また超重症のステージDの患者様の中にはペースメーカーを用いて心室全体を同期させて、効率的な心筋収縮を促し、心機能を改善させる心臓再同期療法と呼ばれる治療法や、補助人工心臓や心臓移植術といった最新の医療が提供できる時代になってきています。

加えて患者様ご自身にはこれらのお薬を正しく服用していただくための服薬指導、食生活の改善や運動習慣をつけることによって生活習慣病をコントロールするための、栄養指導や運動処方などを行っていきます。

本地洋一さん:ステージAとかBの状況での治療と患者様自体の食生活や運動習慣の重要性は大変よくわかりました。

しかしながら、自覚症状がない比較的若い方にとってこれらを厳格に行うことはなかなか困難なことなのではないでしょうか?

松尾仁司院長:診察室で患者様とお話ししても『好きなものも食べられないうえに、嫌いな運動をしてまで長生きしたくない!』『自分の人生は自分で決める!』などと言われる患者様もお見えになります。

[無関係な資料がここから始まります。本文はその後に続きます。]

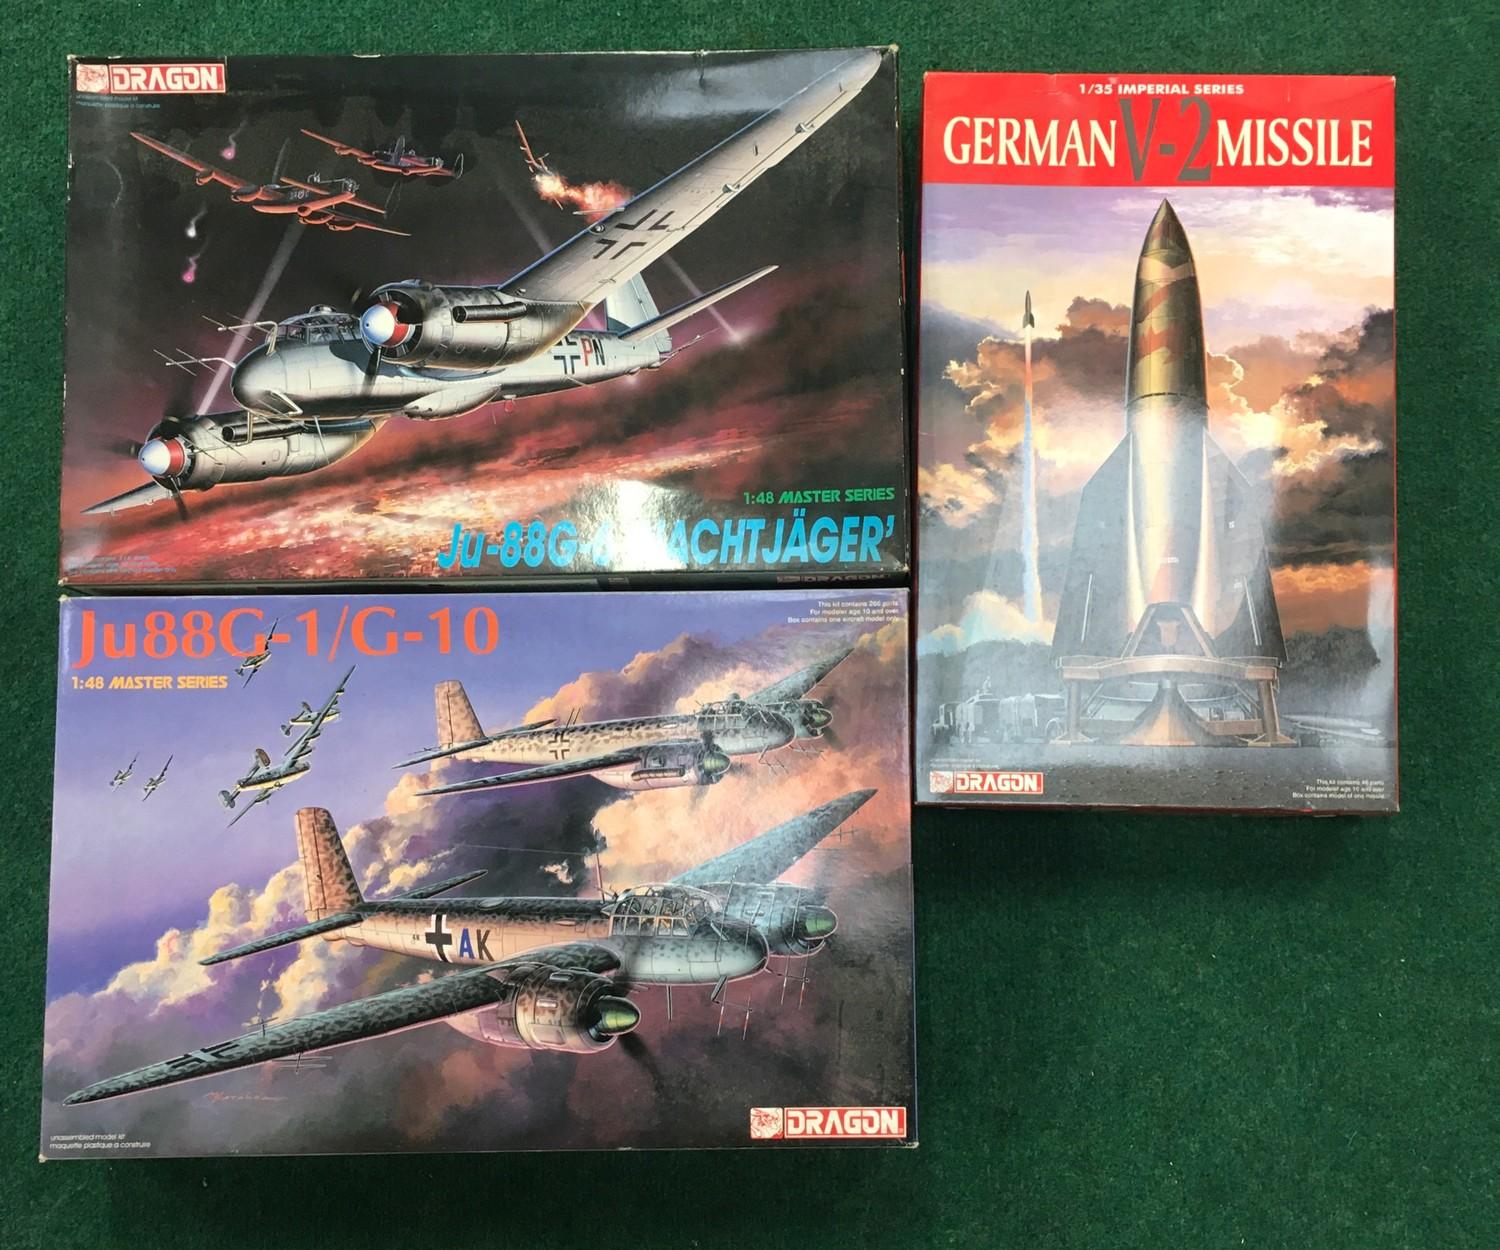 Three model kits by Dragon to include German V-2 Missile, Ju-88G-6 ?Nachtjager? and Ju88G-1/G-10.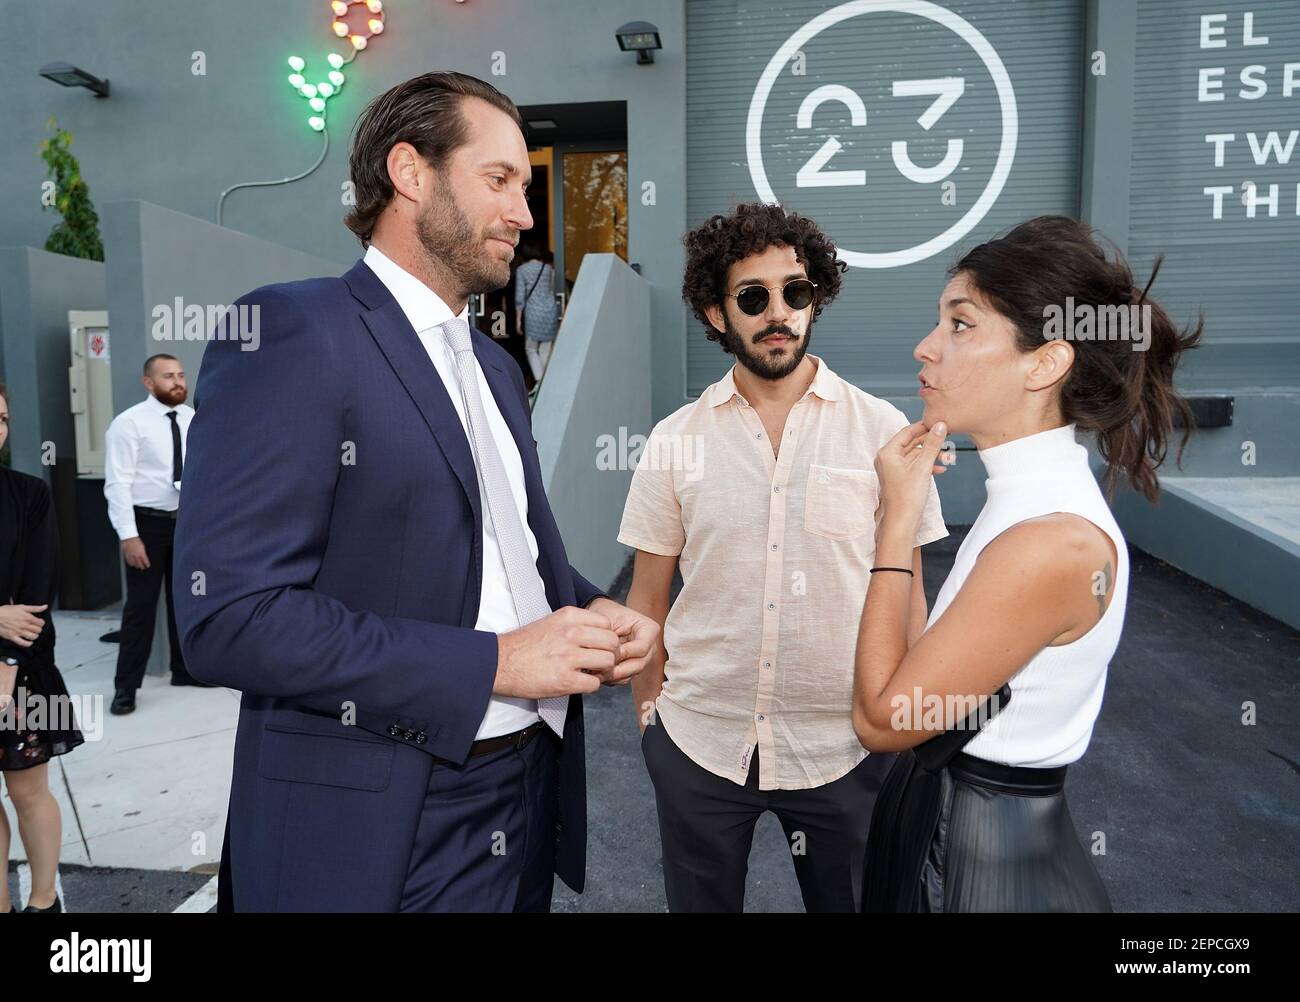 MIAMI, FL - DEC 2: Jon Paul Perez, Anthony Spinello and Agustina Woodgate  are seen during El Espacio Twenty Three Gallery to view Jorge M. Perez  private art collection during Art Basel

これに関しましたは、患者様それぞれ人生観が異なりますから強要は出来ません。

しかし、医師としては患者様ご自身のご家族やご友人をはじめ元気に長生きしてもらいたいと思っている人たちが周囲におられる状況であるのなら、生活習慣の改善とかお薬の内服はきちんとしたほうが良いとお伝えするようにしています。

本地洋一さん:ありがとうございました。

吉田早苗さん:ありがとうございました。また、心臓や循環器疾患に対する質問やご意見などがございましたら、番組までドシドシとお寄せください。

次回のハート相談所は2022年4月14日(木) 14:30からの放送になります。